Shadow Creek has been described as a secret treasure hidden away in North Las Vegas, a mystery location to golfers and fans even in Southern Nevada.
After three major professional events at the course over the past 19 months, that description hasn’t changed.
COVID-19 protocols kept spectators away from the PGA Tour event in October 2020 and the inaugural LPGA event in May 2021. But it was the LPGA and MGM Resorts that chose to not sell tickets to last month’s tournament with the exception of a handful of VIP packages for MGM Rewards members.
Players and local golf fans weren’t particularly pleased.
“It’s like playing during COVID again,” Madelene Sagstrom said after her round of 16 match ended on the 16th hole with no fans there to witness it. “We got used to it (no fans) during COVID, so it’s nothing different.”
Andrea Lee, who reached the semifinals at the tournament, said it felt more like a college tournament than an LPGA event.
“I wish there were more spectators out here, for sure,” she said. “The course is amazing.
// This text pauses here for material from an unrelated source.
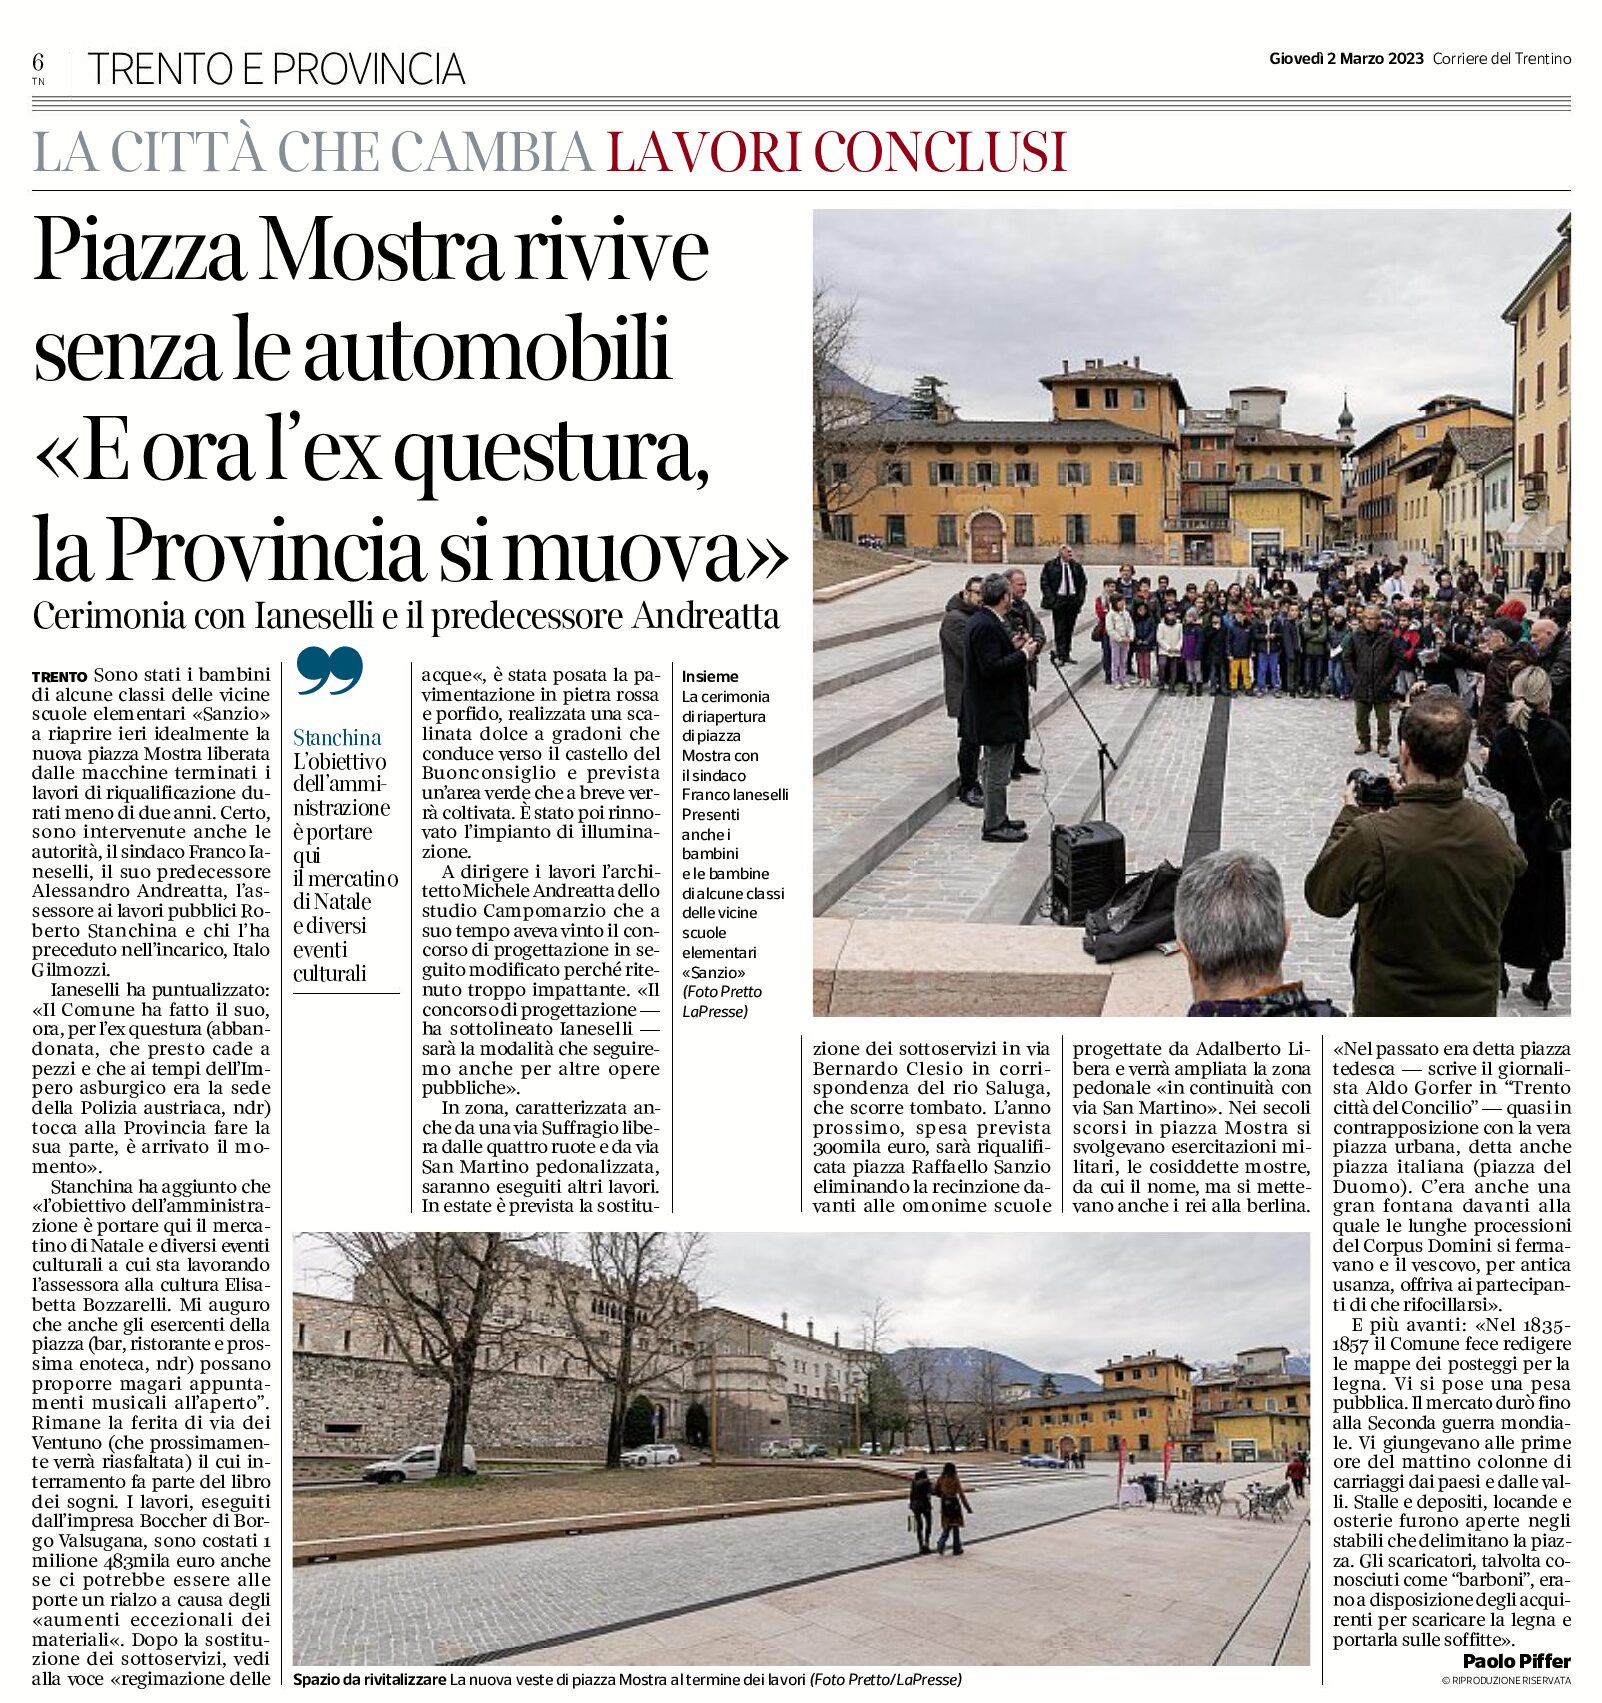 Trento: piazza Mostra rivive senza le auto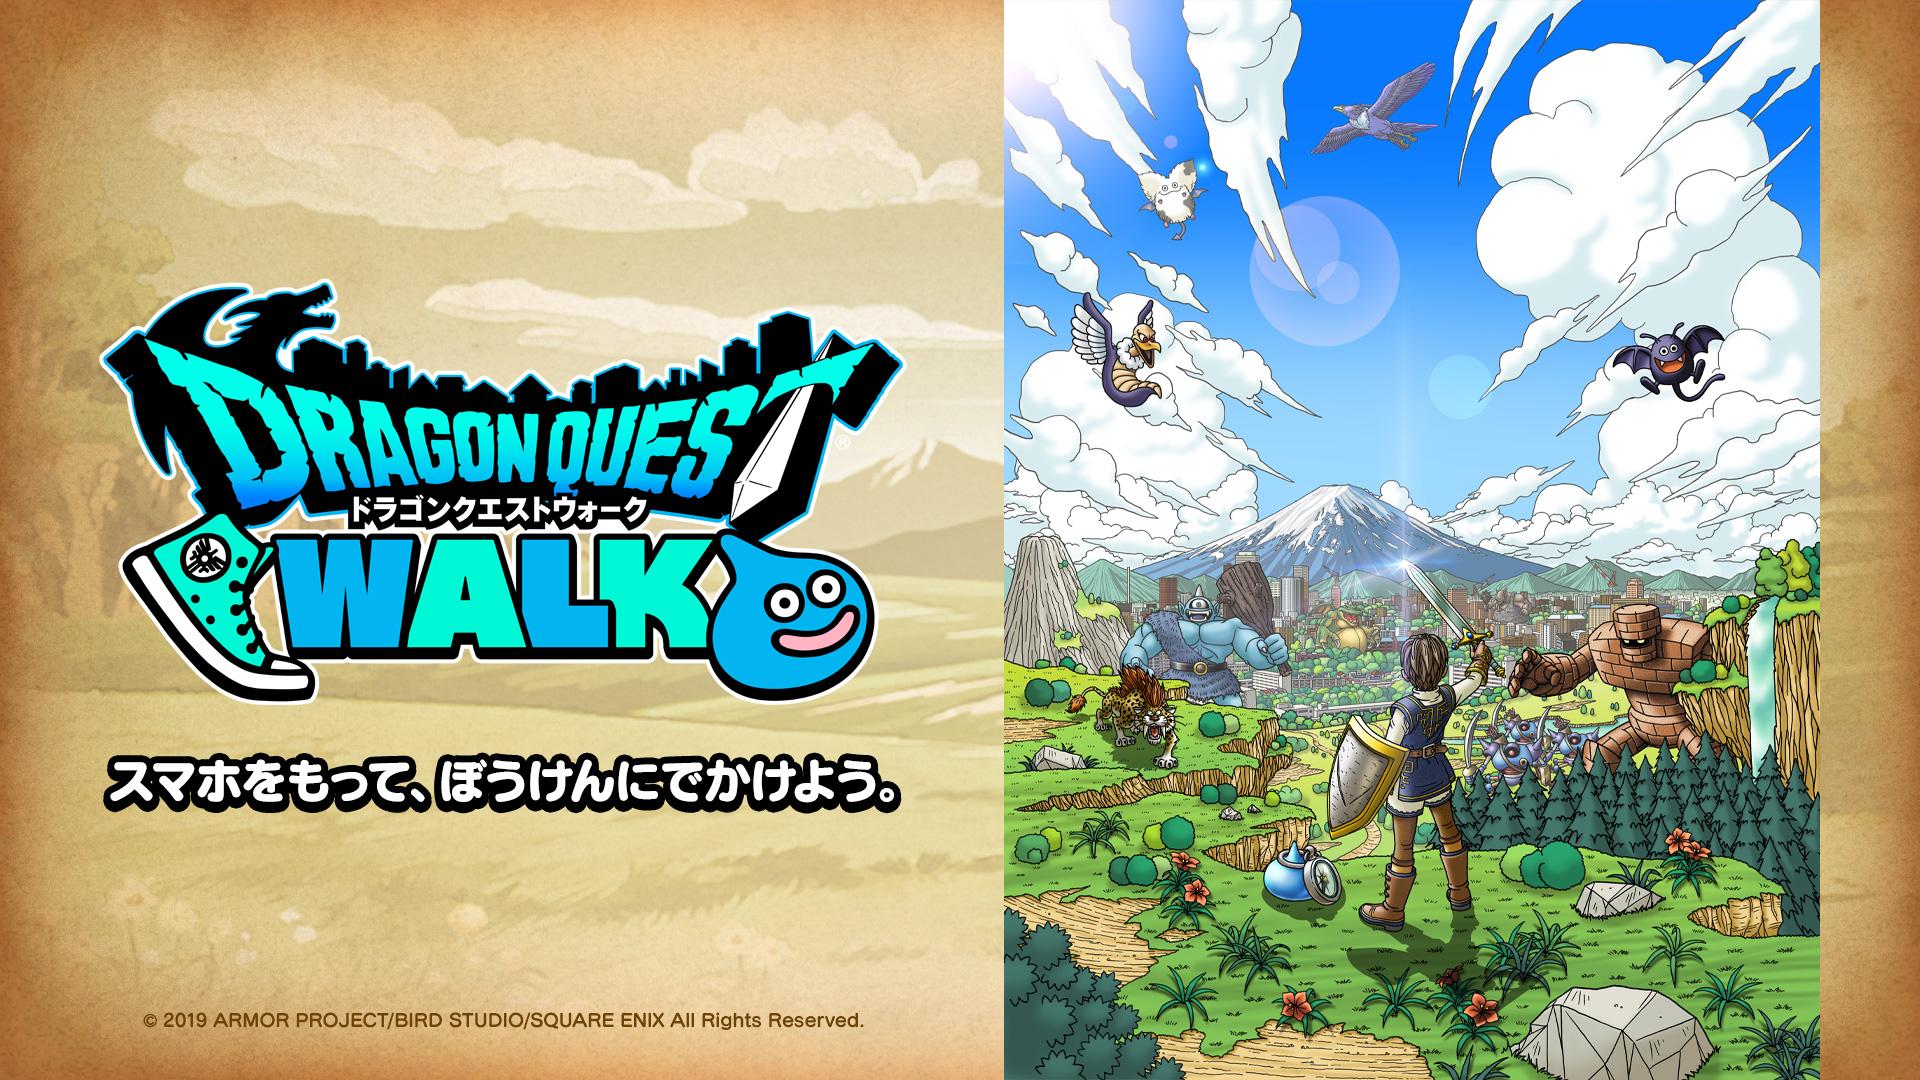 أعلنت Square Enix عن تاريخ الإصدار الخاص بـ 'Dragon Quest Walk' لنظامي التشغيل iOS و Android

I know it’s a little bit of a tough walk for them, but it would be great to have more fans out.”
MGM Resorts, however, said the plan was to create an exclusive atmosphere around the tournament and course.
“Our MGM Rewards customers are offered tickets as a benefit of their membership and loyalty to MGM Resorts,” said Lance Evans, senior vice president for sports for MGM Resorts. “We provide our members and golf fans with a VIP experience at the tournament while maintaining the course’s exclusivity.”
That look was jarring for a TV audience that saw virtually nobody on the course, even during the weekend knockout rounds.
LPGA officials didn’t mind, at least publicly.
“Part of the experience of this week is the exclusive and intimate nature of the event for the competitors and our partners,” said Christina Lance, LPGA director of communications.
That explanation didn’t go over well with fans who had hoped to attend the event, including Las Vegas resident Jeff Eisenstein, who had planned to watch the golf in person.
“People that live here are constantly blackballed from attending events that are offered only to big-money gamblers or just out-of-towners that come in to gamble,” Eisenstain said.
He noted it’s not just the LPGA event, pointing to last week’s made-for TV event at Wynn Golf Club featuring Aaron Rodgers, Tom Brady, Patrick Mahomes and Josh Allen, which also did not offer any general admission tickets.
LPGA players do a fantastic job at other tournaments connecting with fans, particularly girls who are dreaming of playing golf themselves one day. They didn’t get that chance in Las Vegas.
Players said fan reaction is helpful in a match-play setting — think Solheim Cup or Ryder Cup — but playing the event at Shadow Creek requires a different mindset.
Sagstrom said she tried not to worry about any reactions to shots, good or bad.
“When we’re home practicing all the time, it’s just ourselves,” she said. “So it’s not any different really.”